T he Main Challenge
When a certain 4-digit number is multiplied by 4, its digits appear in reverse order. It also has both of these properties:
- its first digit is a quarter of the last one, and
- its second digit is one less than the first.
What number must it be?
The 7puzzle Challenge
The playing board of the 7puzzle game is a 7-by-7 grid containing 49 different numbers, ranging from 2 up to 84.
The 2nd & 6th rows contain the following fourteen numbers:
5 8 12 17 18 20 28 33 48 49 55 56 63 64
List four pairs of numbers that have a difference of 7.
The Lagrange Challenge
Lagrange’s Four-Square Theorem states that every positive integer can be made by adding up to four square numbers.
For example, 7 can be made by 2²+1²+1²+1² (or 4+1+1+1).
There are THREE ways of making 41 when using Lagrange’s Theorem. Can you find them?
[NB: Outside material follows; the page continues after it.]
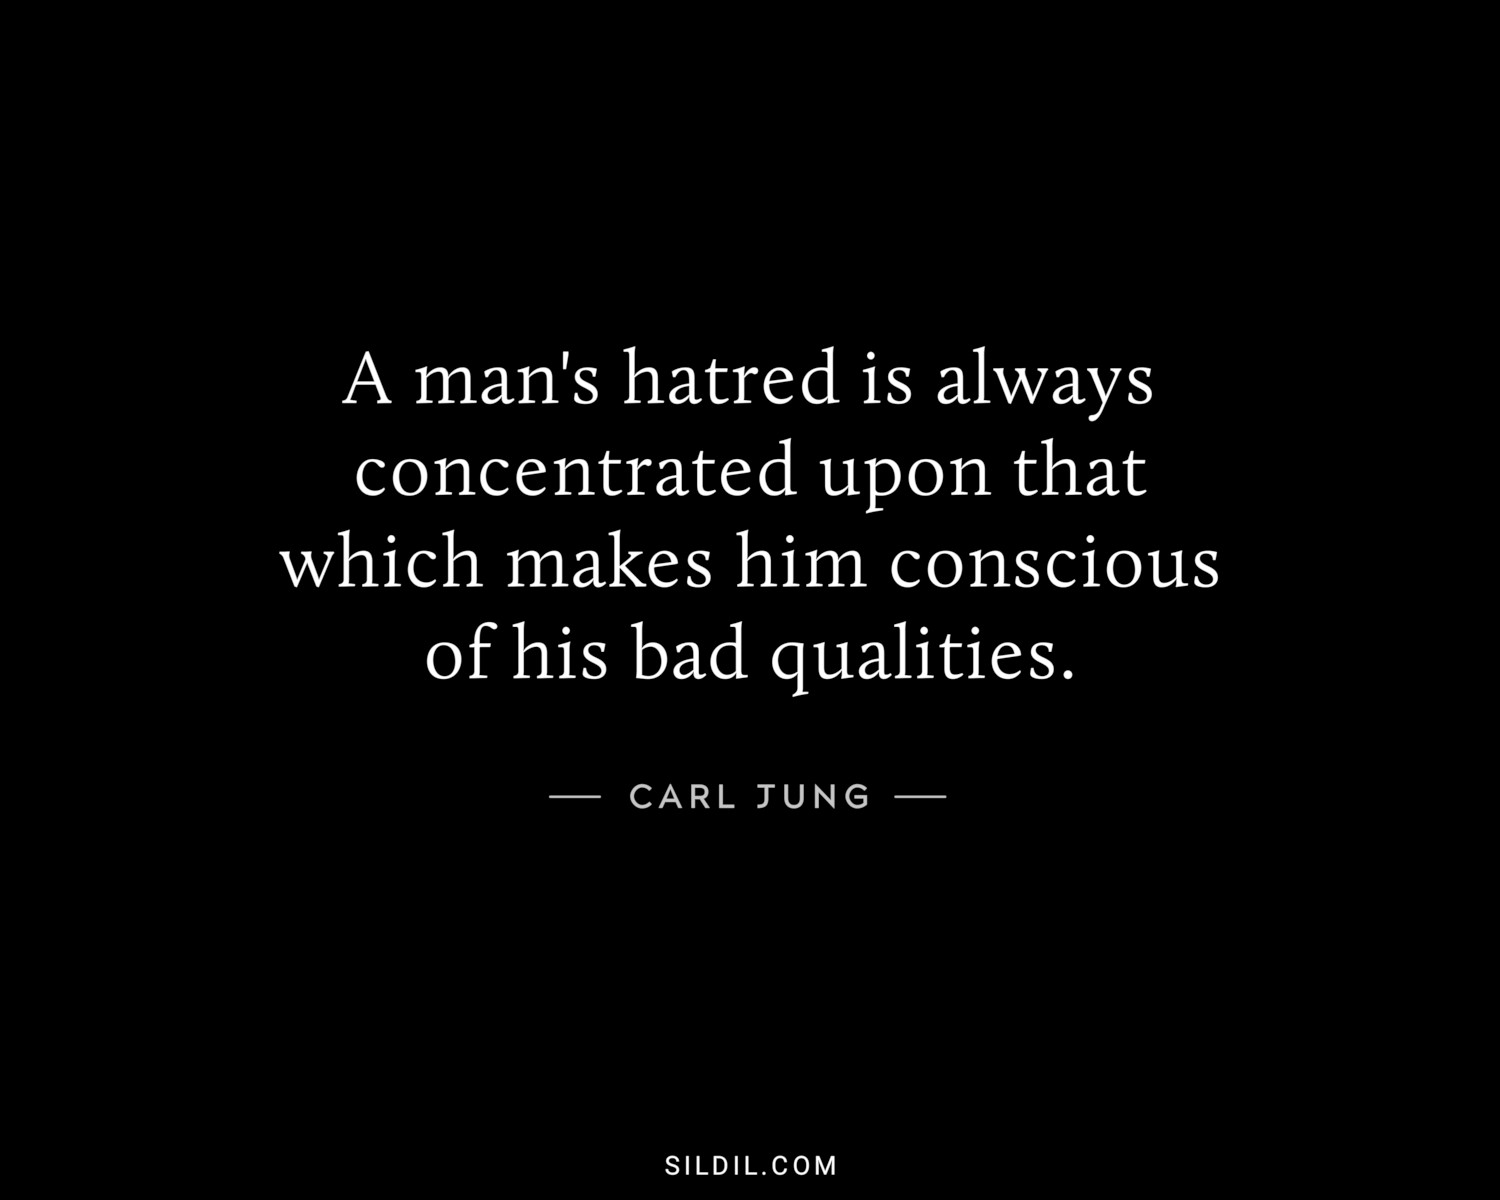 A man's hatred is always concentrated upon that which makes him conscious of his bad qualities.

The Mathematically Possible Challenge
Using 2, 6 and 11 once each, with + – × ÷ available, which THREE numbers is it possible to make from the list below?
1 8 25 64 125
#CubeNumbers
The Target Challenge
Can you arrive at 41 by inserting 3, 5, 7 and 9 into the gaps on each line?
- ◯×◯+◯–◯ = 41
- (◯+◯)×◯–◯ = 41
- (◯–◯)×◯+◯ = 41